The Yellow....was awful on my skin...probably because I am a NC already it made me SUPER yellow...I looked like a Glow Worm

edit: I could not use either on it's on


----------



## Twinkle_Twinkle (Dec 22, 2008)

Why not just try a Tinted Moisturizer as opposed to a primer with tint.  I don't see the latter working out so well...

 Quote:

   Originally Posted by *DominicanBarbie* 

 
_So Im super curious about the Make up Forever HD primers. They have two that are made for us W.O.C  

The Number 4- Carmel(combats ashiness in medium to dark skin tones/warms golden tones..... 

The Number 6-Yellow(lightens dark complexions)
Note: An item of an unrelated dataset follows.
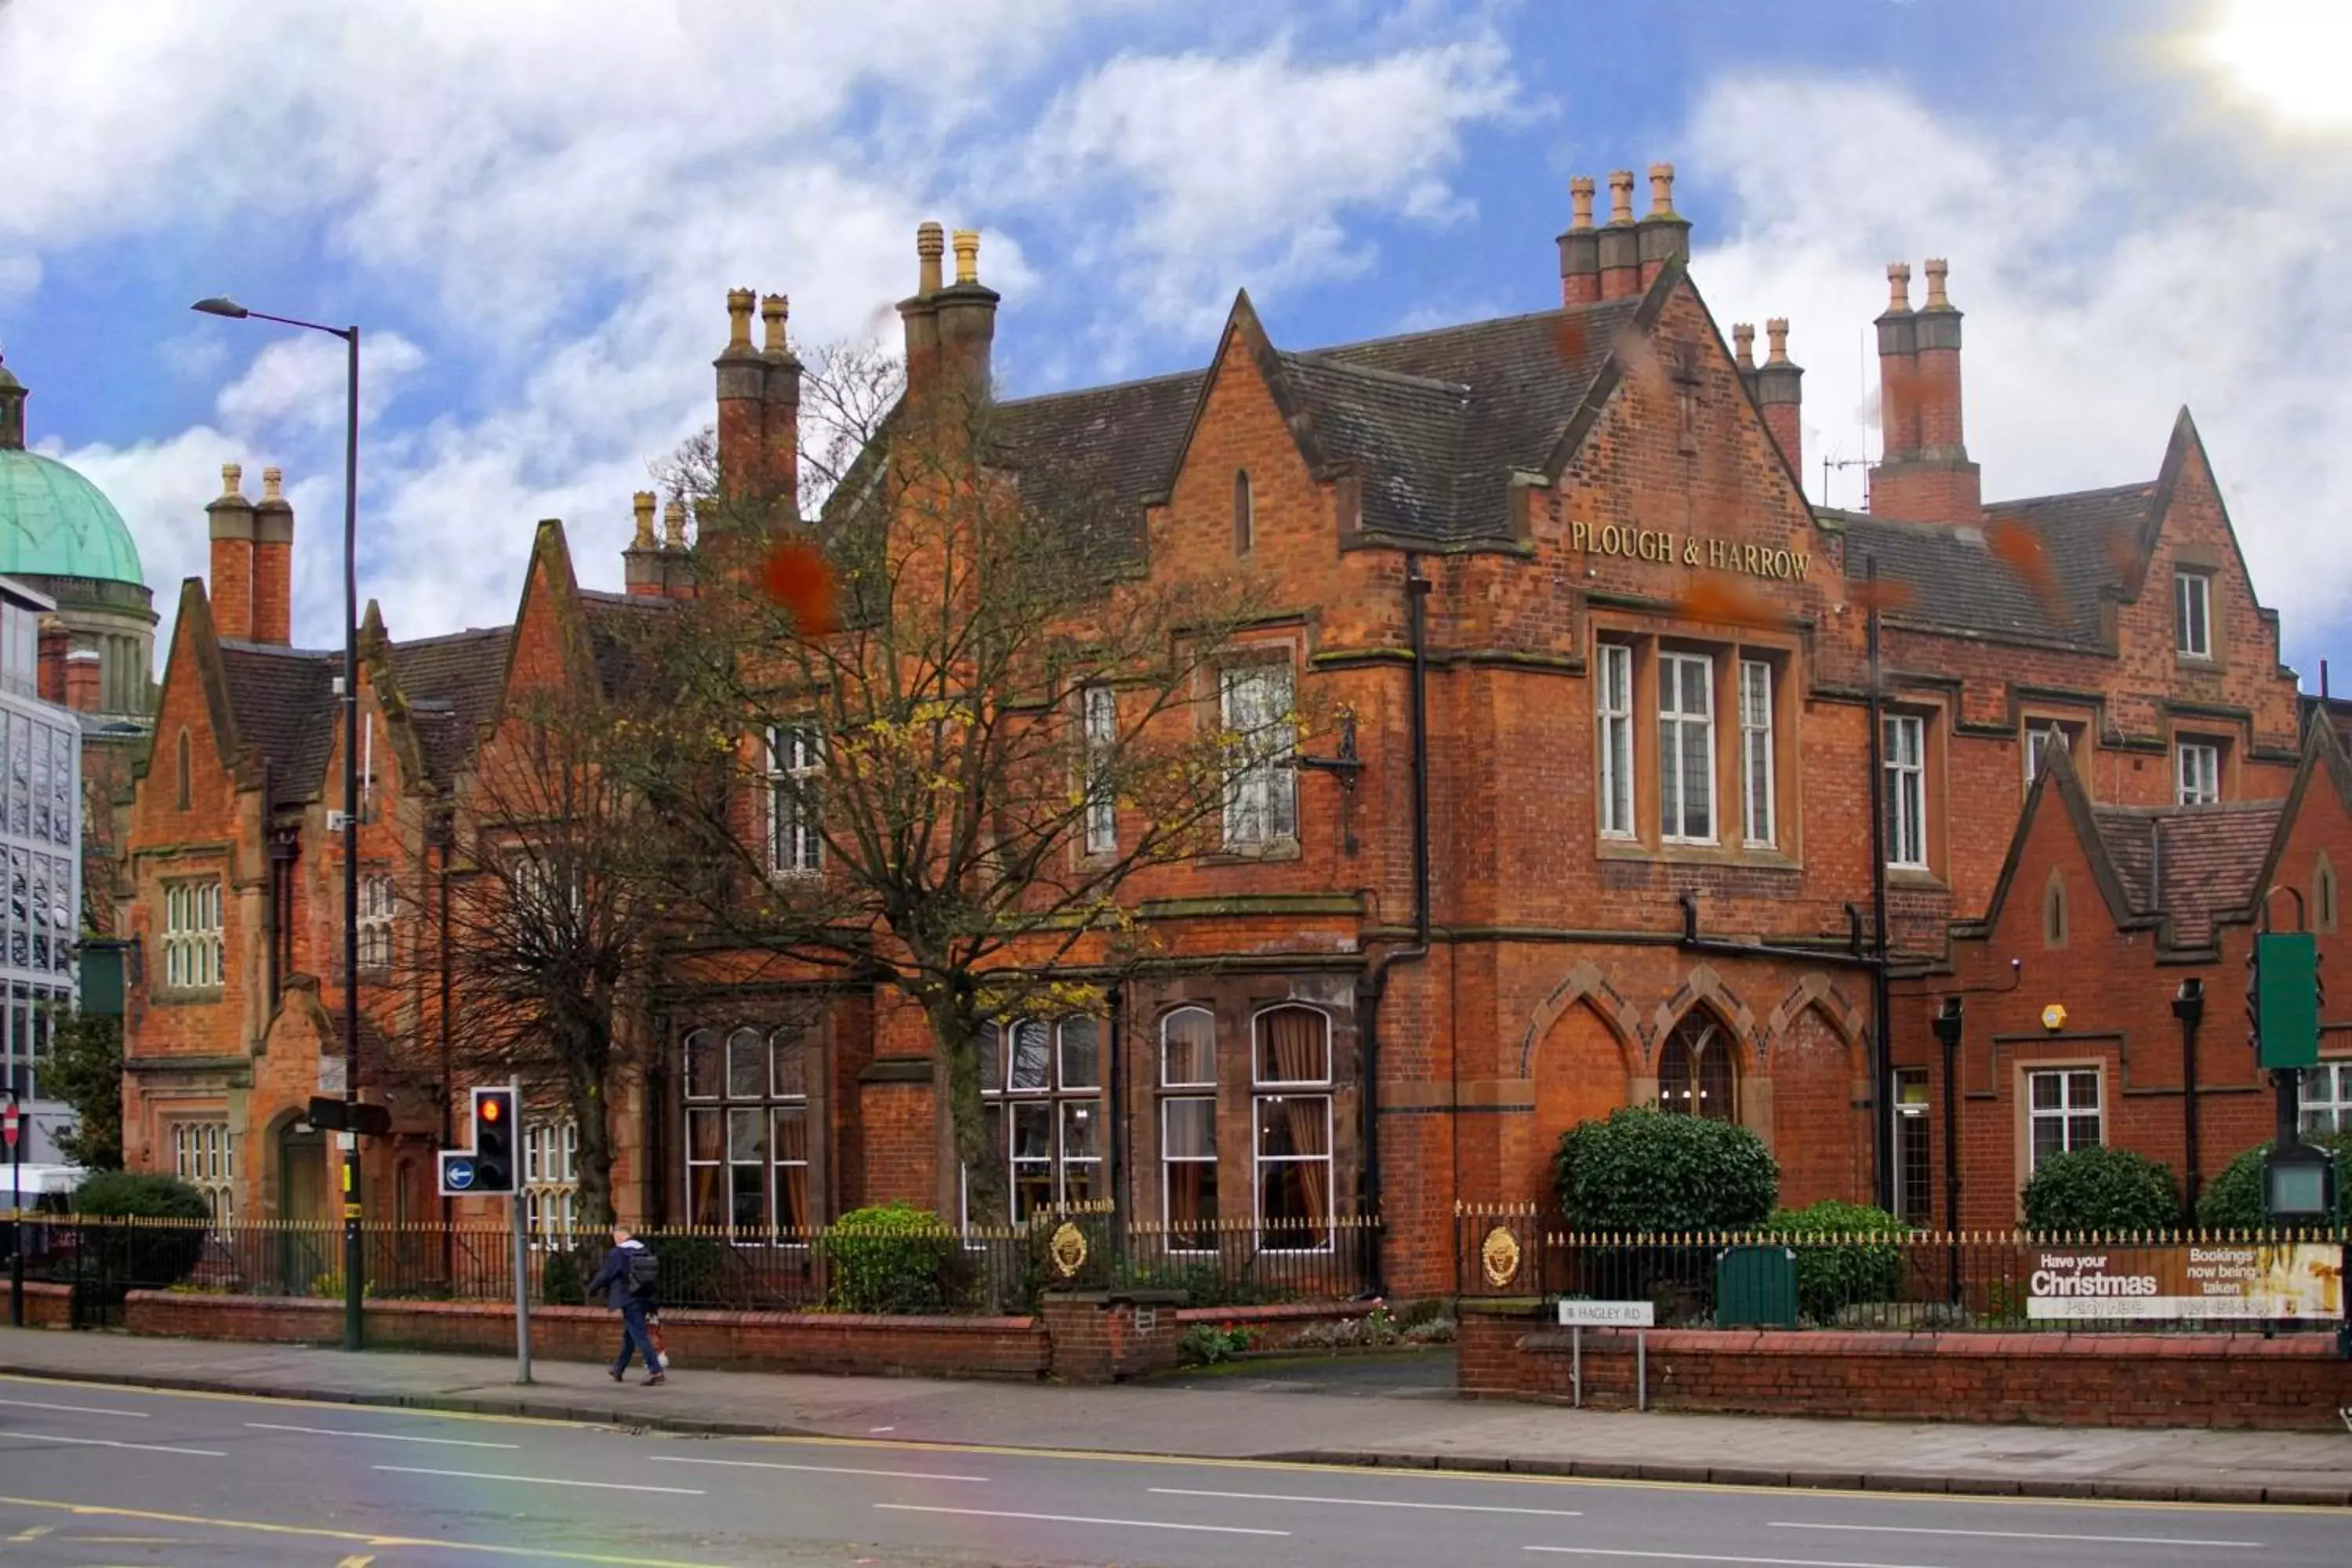 Property Building in Best Western Plough and Harrow Hotel

Now my face is pretty much blemish free and I only use foundation to even out my skin tone. I am like a shade if not two shade lighter on the inside of my face and like my forehead is darker. Do you think these are pigmented enough to use kinda like a foundation. To even out my skintone?  I know it's supposed to be used under foundation as a corrector but I was wondering if anyone had success using it on it's own. 
TIA
	

	
	
		
		

		
		
	


	


_


----------



## DominicanBarbie (Dec 22, 2008)

Quote:

   Originally Posted by *Twinkle_Twinkle* 

 
_Why not just try a Tinted Moisturizer as opposed to a primer with tint.  I don't see the latter working out so well..._

 
I have one. I have the Laura Mercier TM. 
	

	
	
		
		

		
		
	


	




  I also have the smashbox one but that one leaves me like a super oily. 
I was just thinking of the primers because they are "corrective" primersand in my head it sounded like a good idea. lol 
Maybe I'll just go to sephora (3 hours away) and check them out.


----------



## DominicanBarbie (Dec 22, 2008)

Quote:

   Originally Posted by *TISH1127* 

 
_#4 worked fine for me.....

The Yellow....was awful on my skin...probably because I am a NC already it made me SUPER yellow...I looked like a Glow Worm

edit: I could not use either on it's on_

 
LOL Im yellow too glow worm is not the look im going for. Thanks Tish!


----------



## Twinkle_Twinkle (Dec 22, 2008)

Quote:

   Originally Posted by *DominicanBarbie* 

 
_I have one. I have the Laura Mercier TM. 
	

	
	
		
		

		
		
	


	




  I also have the smashbox one but that one leaves me like a super oily. 
*I was just thinking of the primers because they are "corrective" primersand in my head it sounded like a good idea. lol *
Maybe I'll just go to sephora (3 hours away) and check them out._

 
Gotcha.  Maybe wear the primer with your TM?  Let us know how it works out though.


----------



## MissResha (Dec 22, 2008)

i haven't tried it. that shit is expensive. you'd think it was made from moon particles or something!


----------



## bartp (Dec 22, 2008)

I tried nr. 6 on pale skin and it gives you a very light tan.
Just to demonstrate how lightly pigmented it is. It won't cover or colour heavily. It's just meant to adjust. It will make your complexion a lot warmer but I don't think it will replace the effect you get from your foundation.


----------



## ExquizitDiva (Dec 22, 2008)

I tried Caramel... it's too red for me. I don't like it @ all. I'm NC45 in MAC. 173 MUFE HD.


----------